February 26, 2004

Extension for 9/11 Commission Denied. House Speaker Dennis Hastert will not extend the May 27 deadline for the 9/11 Commission to finish its work. From Hastert's spokesman: "He thinks the report is overdue and we need to get the recommendations as soon as possible. He is also concerned it will become a political football if this thing is extended and it is released in the middle of the presidential campaign." Calpundit asks: "Aren't you supposed to at least pretend that you're motivated solely by what's best for the country? But here we have Hastert's spokesman blithely admitting in public that he doesn't want to let the commission do its job properly because it might be politically inconvenient for the president. They don't even have the good grace to lie about this stuff anymore."

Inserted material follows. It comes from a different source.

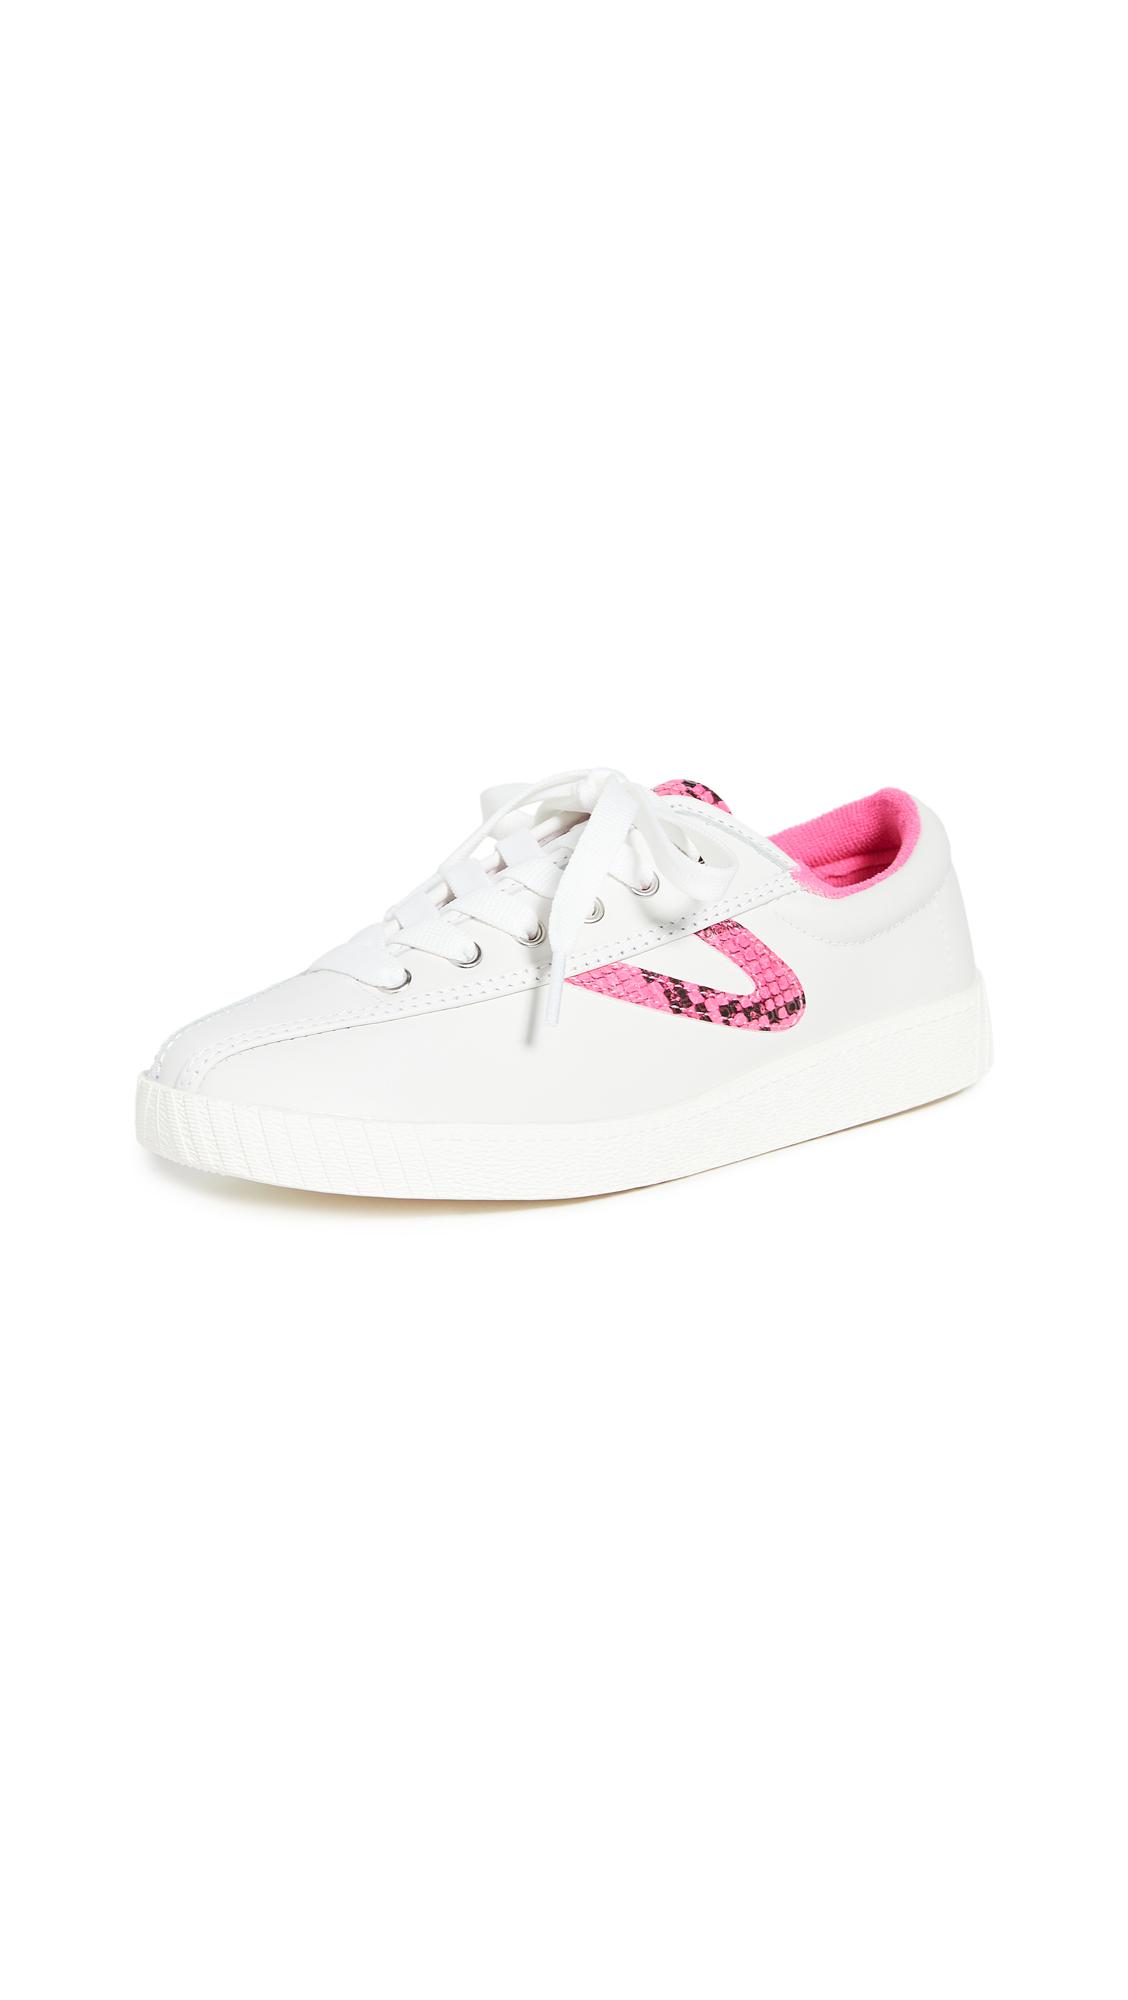 Tretorn Nylite 39 Plus Sneakers - 40% Off Sale

George Bush and Dick Cheney "have placed strict limits on the private interviews they will grant to the [Commission], saying that they will meet only with the panel's top two officials and that Mr. Bush will submit to only a single hour of questioning ... Condoleezza Rice, the national security adviser, [has] rejected [the Commission's] request that she testify in public about the intelligence reports that reached her desk before the Sept. 11 attacks." ... Commission member Bob Kerrey (who joined the Commission only recently, replacing Max Cleland) is considering resigning because of the ongoing obstruction from the Bush administration. "I am no longer ... feeling comfortable that I'm going to be able to read and process what I need in order to participate in writing a report about how it was that 19 men defeated every single defensive system the US put up to kill 3,000 Americans on Sept. 11."

"British spies were bugging UN Secretary General Kofi Annan's office in the run up to the Iraq war, former UK cabinet minister Clare Short has claimed. ... From March 2003: "The existence of the surveillance operation, understood to have been requested by President Bush's National Security Adviser, Condoleezza Rice, is deeply embarrassing to the Americans..." (More) ... "Pentagon officials have confirmed that Guantanamo detainees may still be kept in detention, even if they are found not guilty by a military tribunal."

The first Gallup poll conducted on the issue of interracial marriage showed that 94% of whites opposed such unions. That was in 1958, nine years before the Supreme Court ruled in Loving v. Virginia that miscegenation laws were unconstitutional. Someday this country will view same-sex marriage in the same light most of us now view interracial marriage.